A medic collects samples from a person with physical disability for COVID-19 rapid antigen testing amid the complete bi-weekly lockdown to curb COVID-19 spread
The draft Health Data Management Policy of the National Digital Health Mission has been released for public comment. This is an extremely complex area because of the intersection of sensitive personal data, health care service, associated insurance implications, and medical research. Thus, there are huge commercial and social implications as well as concern about privacy. The pandemic has imposed new paradigms, leading to the explosive increase in online consultation, telemedicine usage, as well as the online ordering of drugs. The mass vaccination of a billion-plus citizens may soon be necessary. There is already a vast amount of digitised health data floating around, and this will expand exponentially. The sooner there is legal protection for that data, the better. However, a very short period has been allowed for public comment on the draft policy. There are also serious legislative lacunae since the health data management policy is built upon the foundations of legislation that doesn’t exist: India doesn’t have a law protecting personal data. Proposed legislation has been pending since 2018 and the drafts released into public domain raise serious concern.
In the proposed health policy, citizens are “data principals”, hospitals and doctors “health information providers”, and the government and its agencies “health information users”. The policy envisages creating an integrated data storage system. Records may be held by different service providers but linked through a unique health ID. This ID would be on the lines of Aadhaar but not Aadhaar itself, although it may be linked to it. That is an unnecessary duplication of an already extant ID system. Such an integrated system with common data standards and format would allow individuals to be treated anywhere, with full access to medical history. “Data fiduciaries” will be allowed to collect and store “sensitive personal data”. This includes a wide range of data which seems irrelevant and unnecessary. It could include financial information; physical, physiological, and mental health data; sex life and sexual orientation; genetic data; and “religious or political belief or affiliation”. It is hard to understand why much of the above is necessary for health care. A large number of institutions down to the local pharmacy could be considered fiduciaries under this policy. While this means they would be legally covered by policy, it also means a higher probability of data leakage. It is unrealistic to assume such a wide range of fiduciaries will be data-secure.

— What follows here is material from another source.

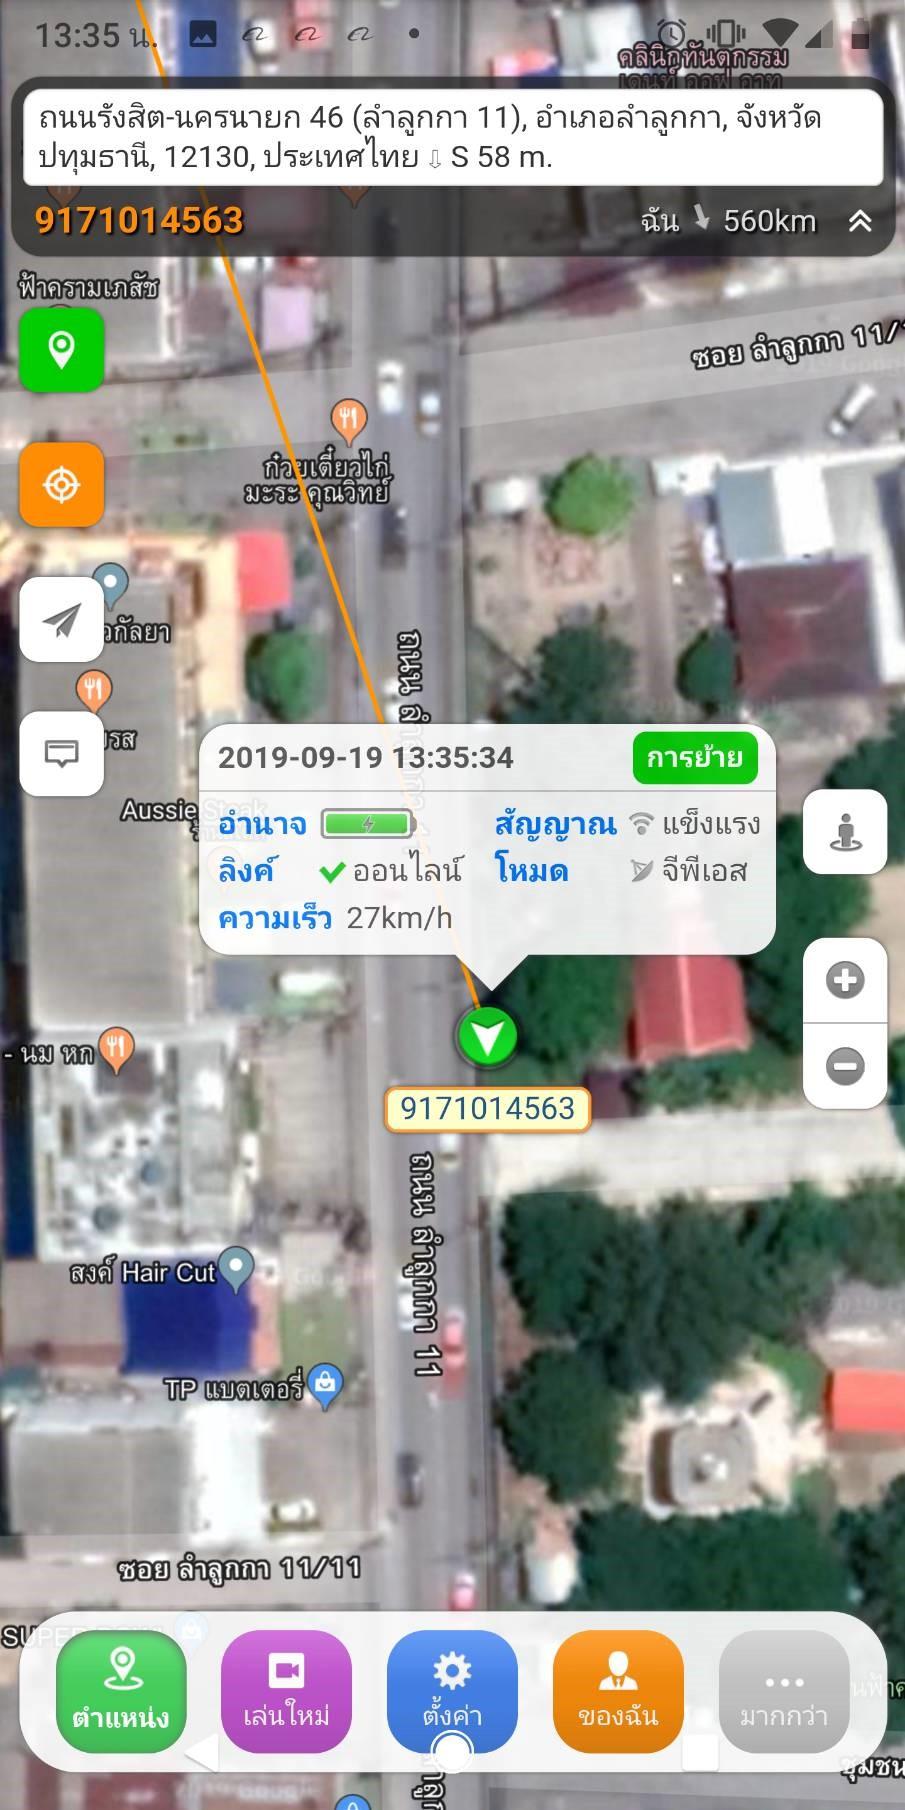 GPSติดตามรถ ไม่มีค่าบริการรายปี

Moreover, this data will be shared with government, and agencies designated by government. Anonymised or de-identified data will also be made available in aggregate form for facilitating health and clinical research, academic research, archiving, statistical analysis, and policy formulation. This is a very wide-ranging clause, which basically justifies sharing data for practically any purpose. In theory, the consent of the individual will be asked for before data collection. That consent could also be withdrawn in theory. In practice, given a system where data on so many parameters can be collected by such a wide range of fiduciaries, and disseminated for so many purposes, consent and privacy will be irrelevant. There is clearly a need for a national health data management policy. Sensible policy formulation could certainly enable better health care. But this policy seems designed to enable the commercial exploitation of data without paying much heed to protecting the privacy of citizens.